Client Web Browser Behavior When Handling 301 Redi

2019-03-24 07:37发布

问题:

The RFC seems to suggest that the client should permanently cache the response: http://www.w3.org/Protocols/rfc2616/rfc2616-sec10.html

10.3.2 301 Moved Permanently

The requested resource has been assigned a new permanent URI and any future references to this resource SHOULD use one of the returned URIs. Clients with link editing capabilities ought to automatically re-link references to the Request-URI to one or more of the new references returned by the server, where possible. This response is cacheable unless indicated otherwise.

The new permanent URI SHOULD be given by the Location field in the response.
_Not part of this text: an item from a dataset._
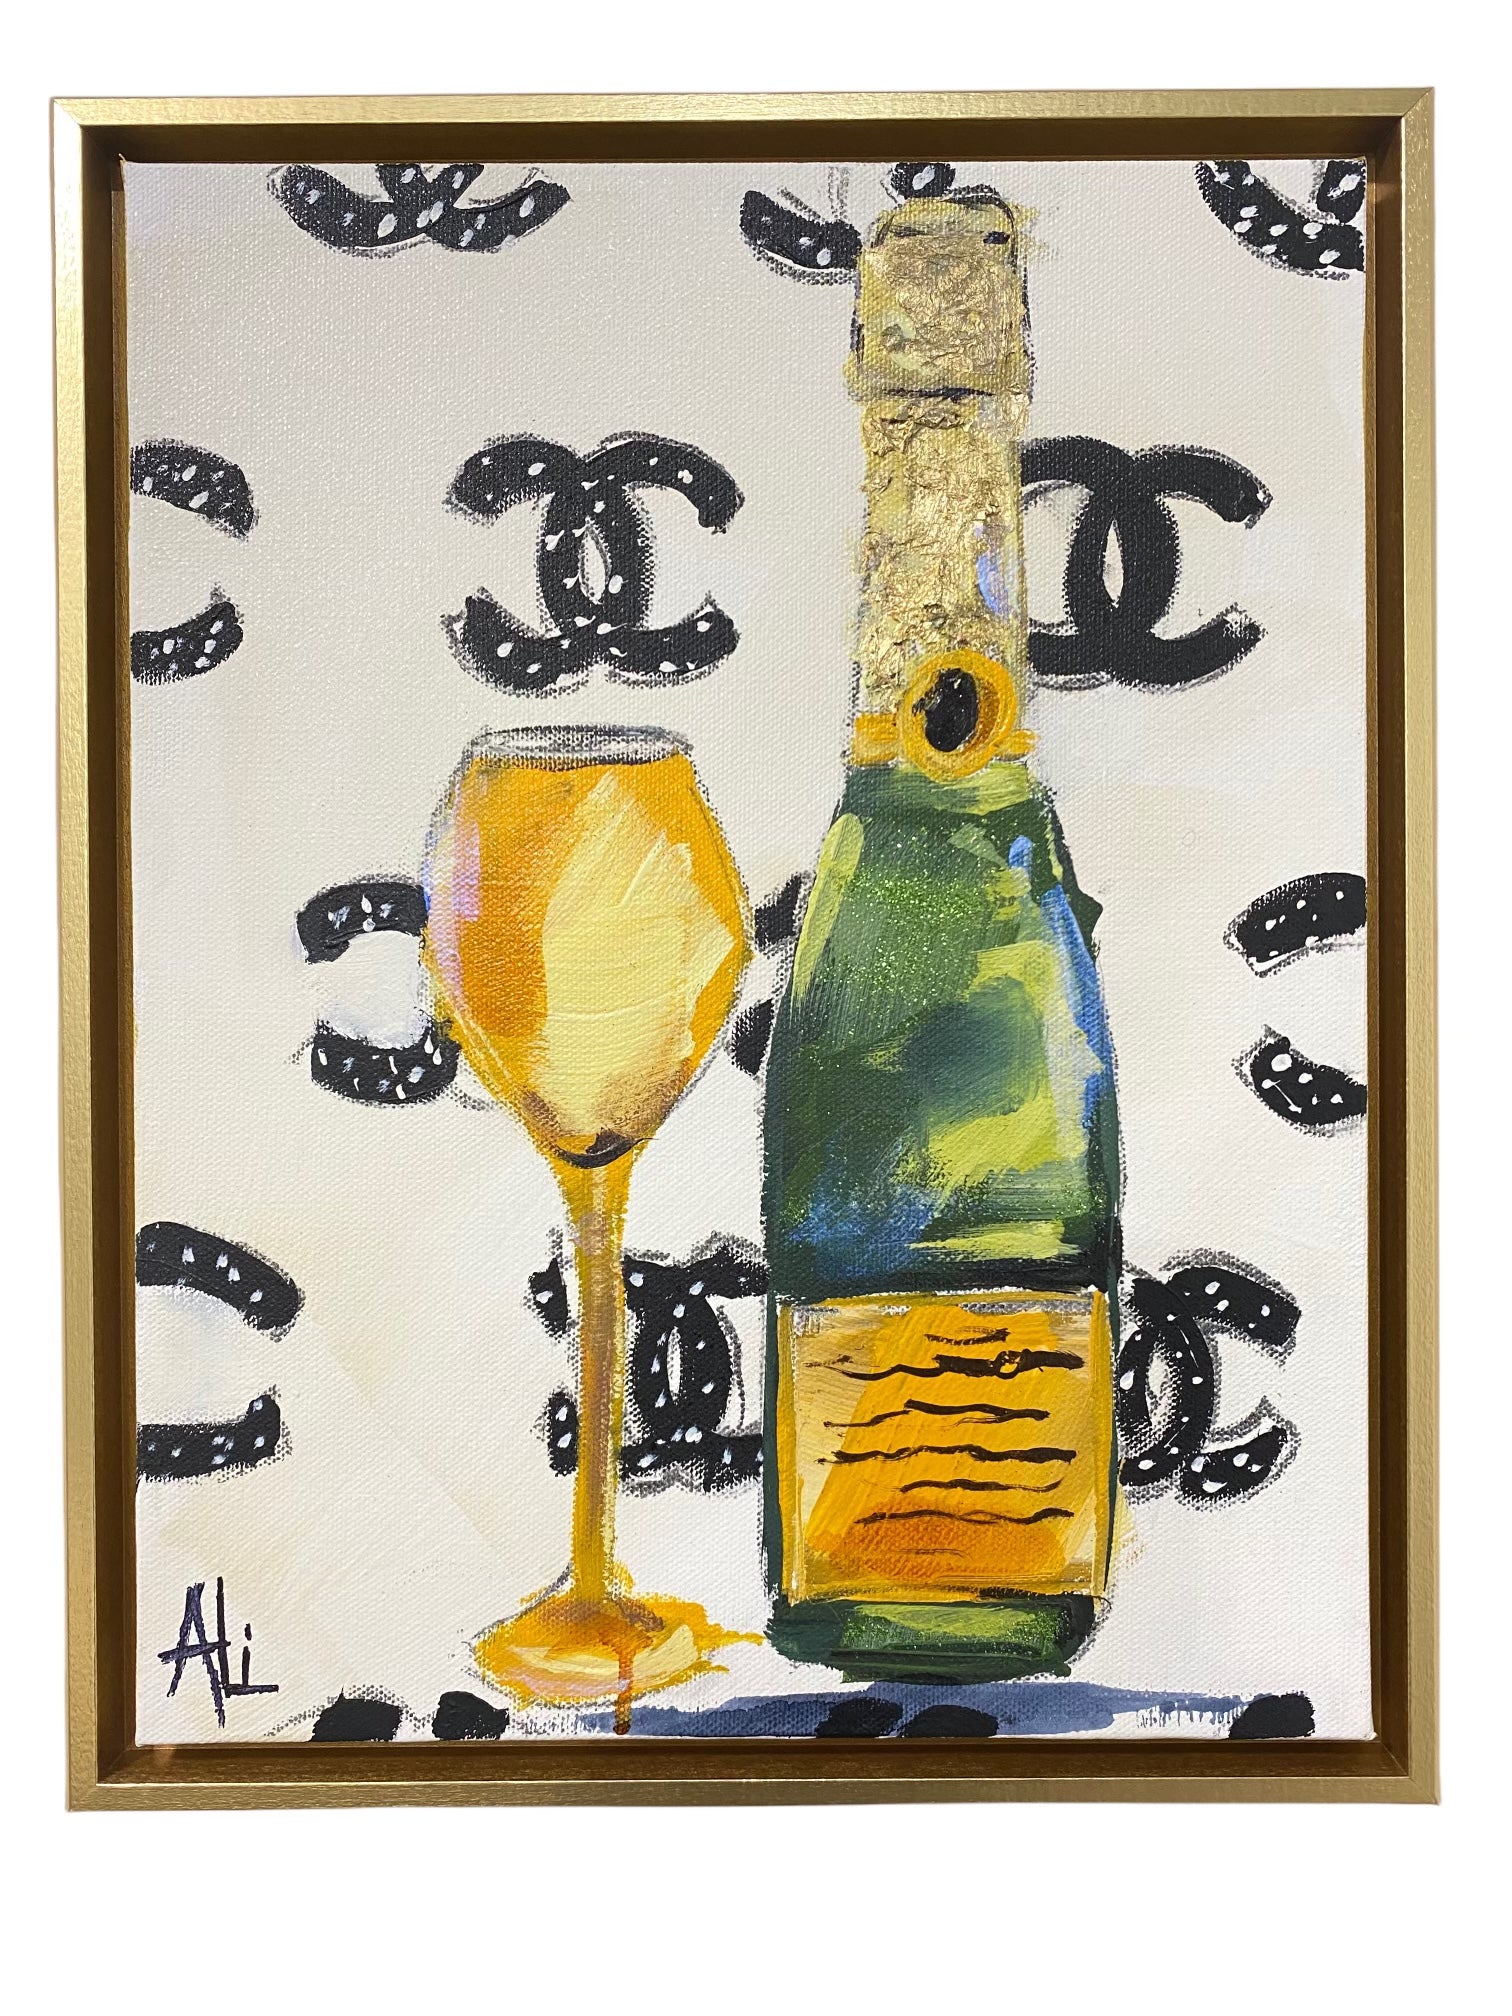 Champagne Time  Wall Art by Oliver Gal

Unless the request method was HEAD, the entity of the response SHOULD contain a short hypertext note with a hyperlink to the new URI(s).

If the 301 status code is received in response to a request other than GET or HEAD, the user agent MUST NOT automatically redirect the request unless it can be confirmed by the user, since this might change the conditions under which the request was issued.
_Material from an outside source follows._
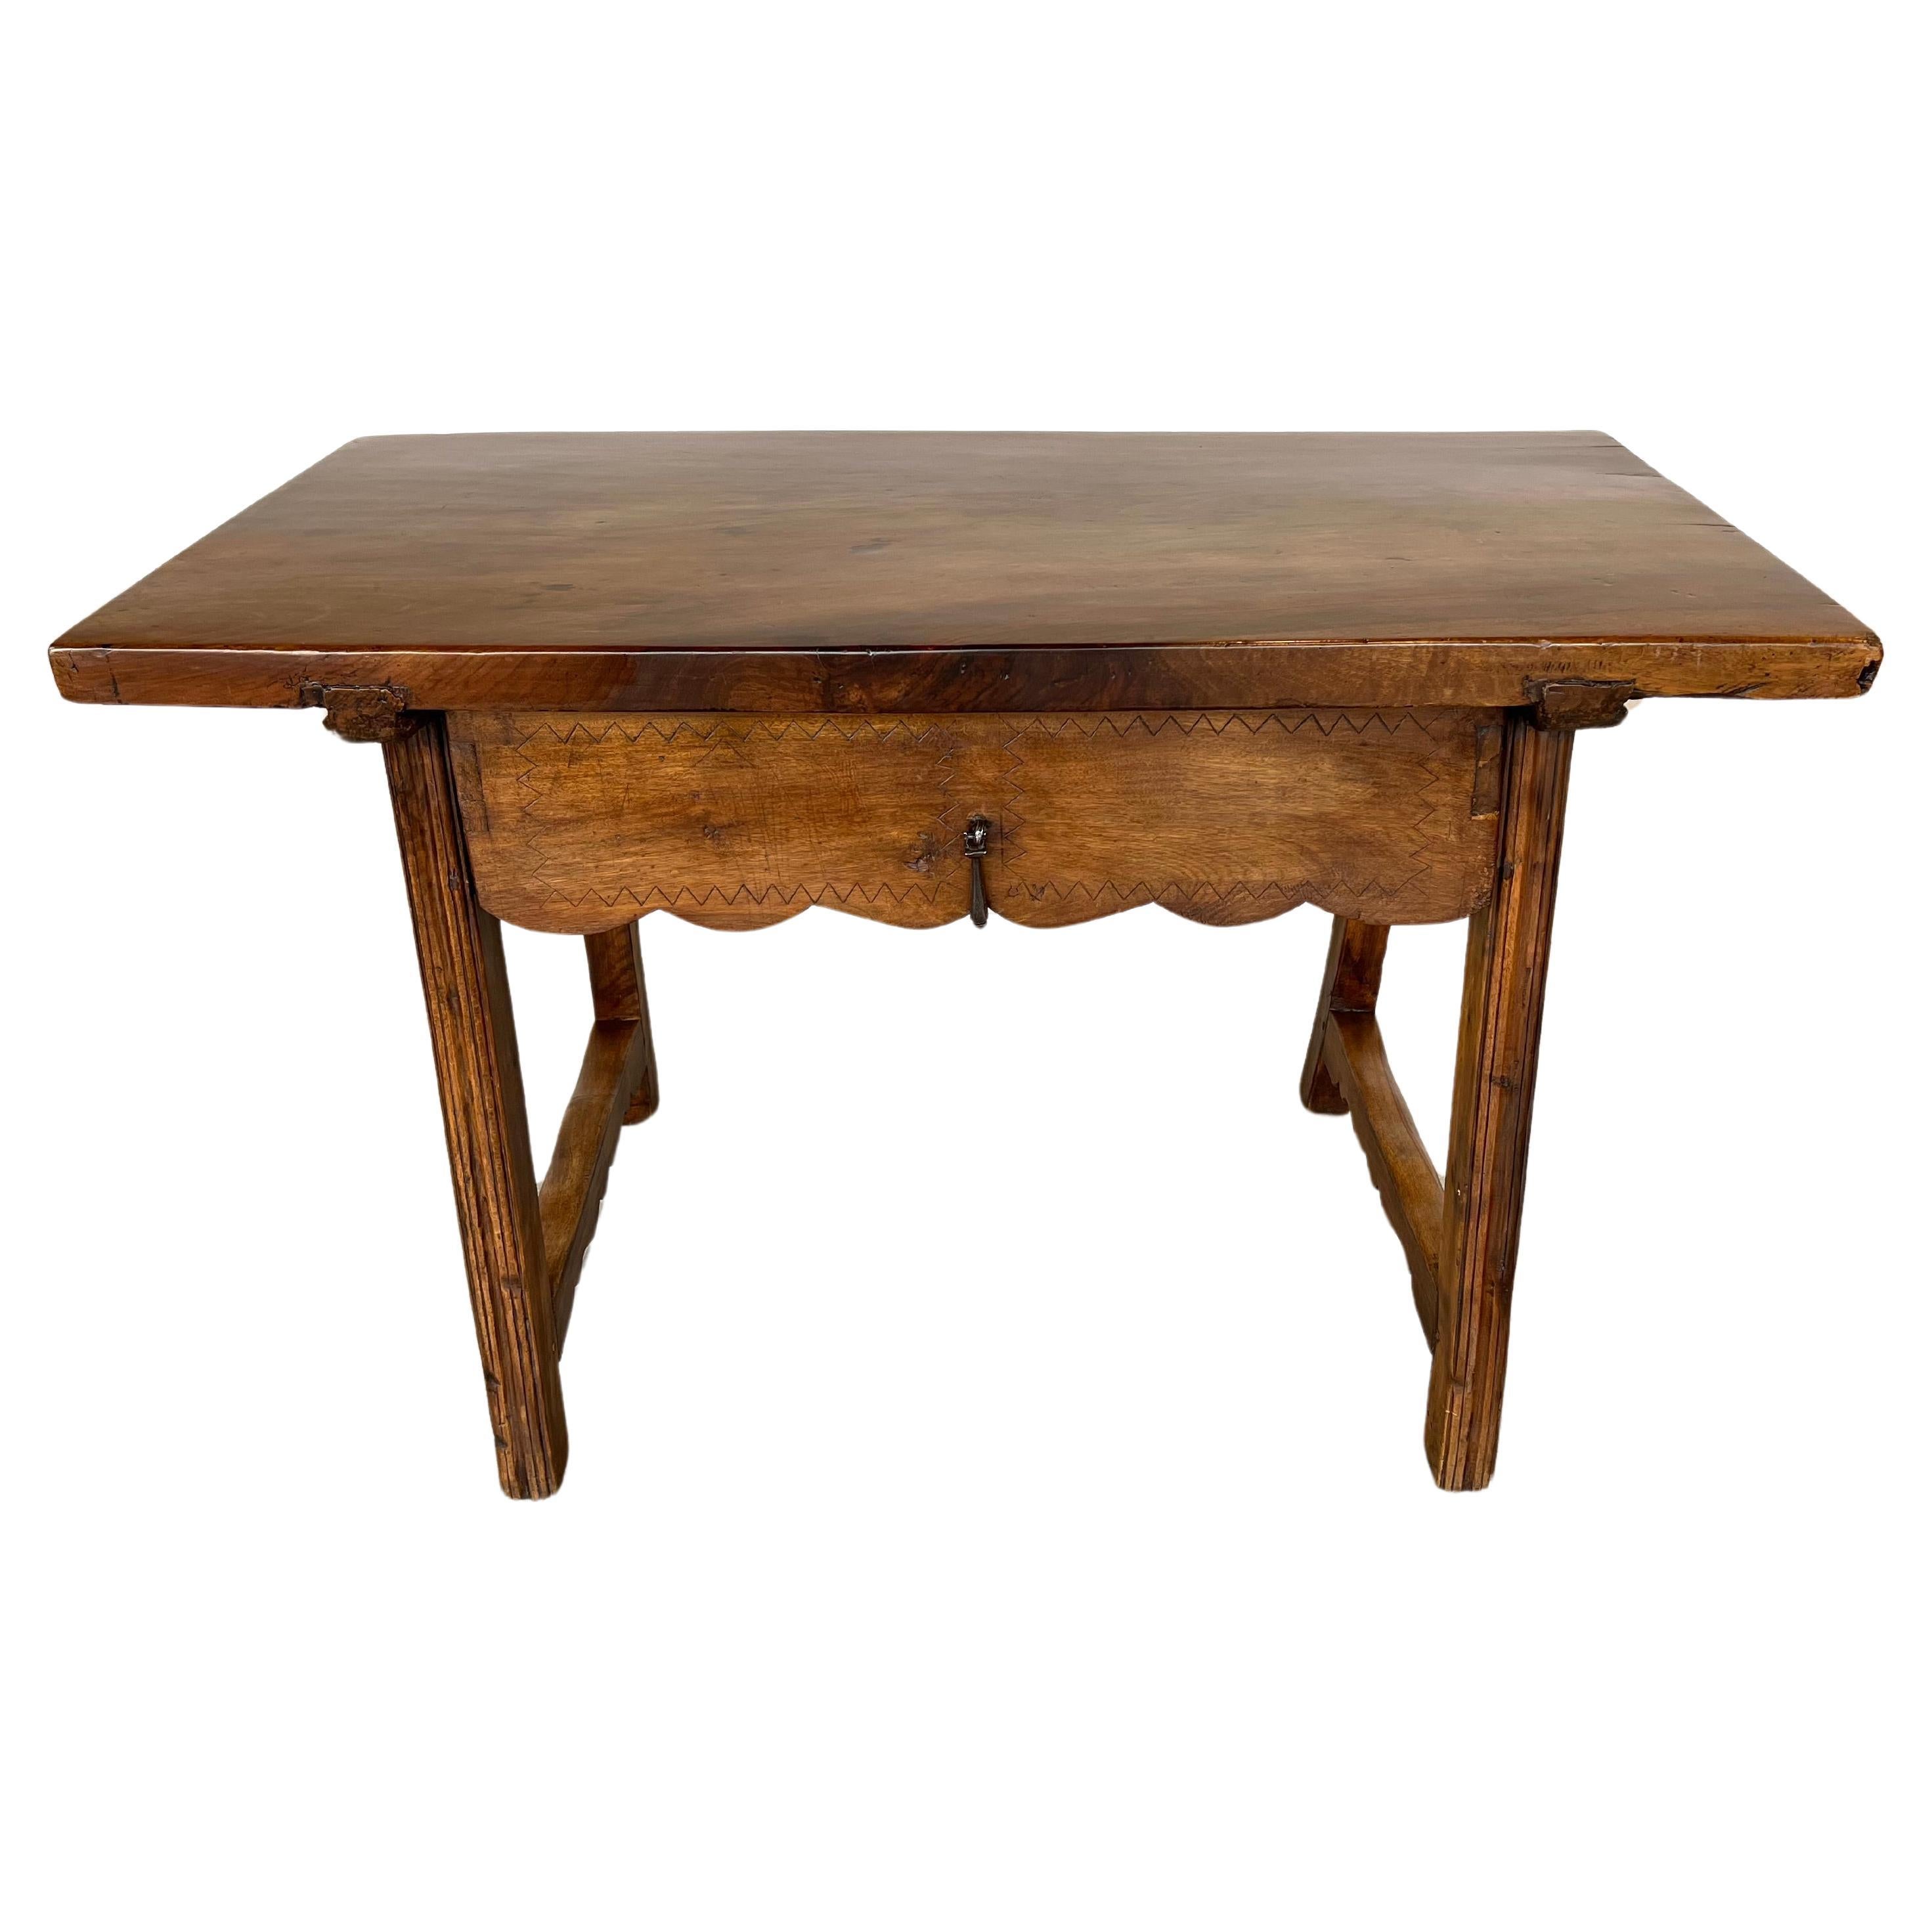 Spanish Antique Kitchen or Side Walnut Table 19c

  Note: When automatically redirecting a POST request after
  receiving a 301 status code, some existing HTTP/1.0 user agents
  will erroneously change it into a GET request.

I'm having a hard time finding concrete browser documentation for any major browser that states how they handle these.

I've started digging through the source code of firefox, but quickly got lost.

Is the following scenario true for which (if any) browsers, and is there definitive documentation for either Firefox or IE that states as much?:

First Time Around:

  • 1.1: User enters link to site A, or clicks on a link directed at Site A
  • 1.2: Browser interprets link at Site A, first time, no cache. Sends GET to Site A.
  • 1.2: Site A responds with 301 Redirect to Site B
  • 1.3: Browser sends GET to Site B.

Any Subsequent Times Around:

  • 2.2: User clicks on a link directed at Site A
  • 2.2: Browser sees that, due to a past 301 redirect, Site A should now be Site B.
  • 2.3: Without initiating any request whatsoever at Site A, browser initiates GET at Site B.

  • 回答1:

    I preformed some tests and found some browsers do cache the 301 result:

    Caches 301 result and skips contacting old address in future?
    
      Internet Explorer 7   no
      Firefox 3.0           no
      Chrome 4.0            yes
      Opera 10.01           yes for google.com, no for www.rnhart.net
    

    How I tested

    I used the following two 301 results to test with:

    • google.com returns a 301 to www.google.com
    • www.rnhart.net returns a 301 to rnhart.net

    I started a proxy server on my own computer (Proxomitron Naoko 4.2 with all filters turned off). In each browser, I set the proxy settings to point to my own computer. I cleared the browser's cache, then I visited the old address multiple times and looked in the proxy server's log window to see what requests the browser made.

    The first time the old address is visited, the proxy log shows the old address request, the 301 response, and the new address request. If the old address is visited again, the log either showed the same set of requests (the 301 wasn't cached), or it showed only the new address request (the 301 was cached).

    I tested entering the old address in the address box, accessing the old address from a bookmark, and accessing the old address from a link on a page. Each browser worked the same way no matter how the address was accessed.


    [I found this question while investigating a similar Super User question: Do browsers change URLs of saved bookmarks in response to 301 redirection?]



    回答2:

    You may use this workaround:
    Make 302 redirect for users and 301 only for search engines. On the server side, just check for the user agent. If it is a bot, do a 301 redirect. Otherwise, do 302.

    It is not the "golden way", but it works great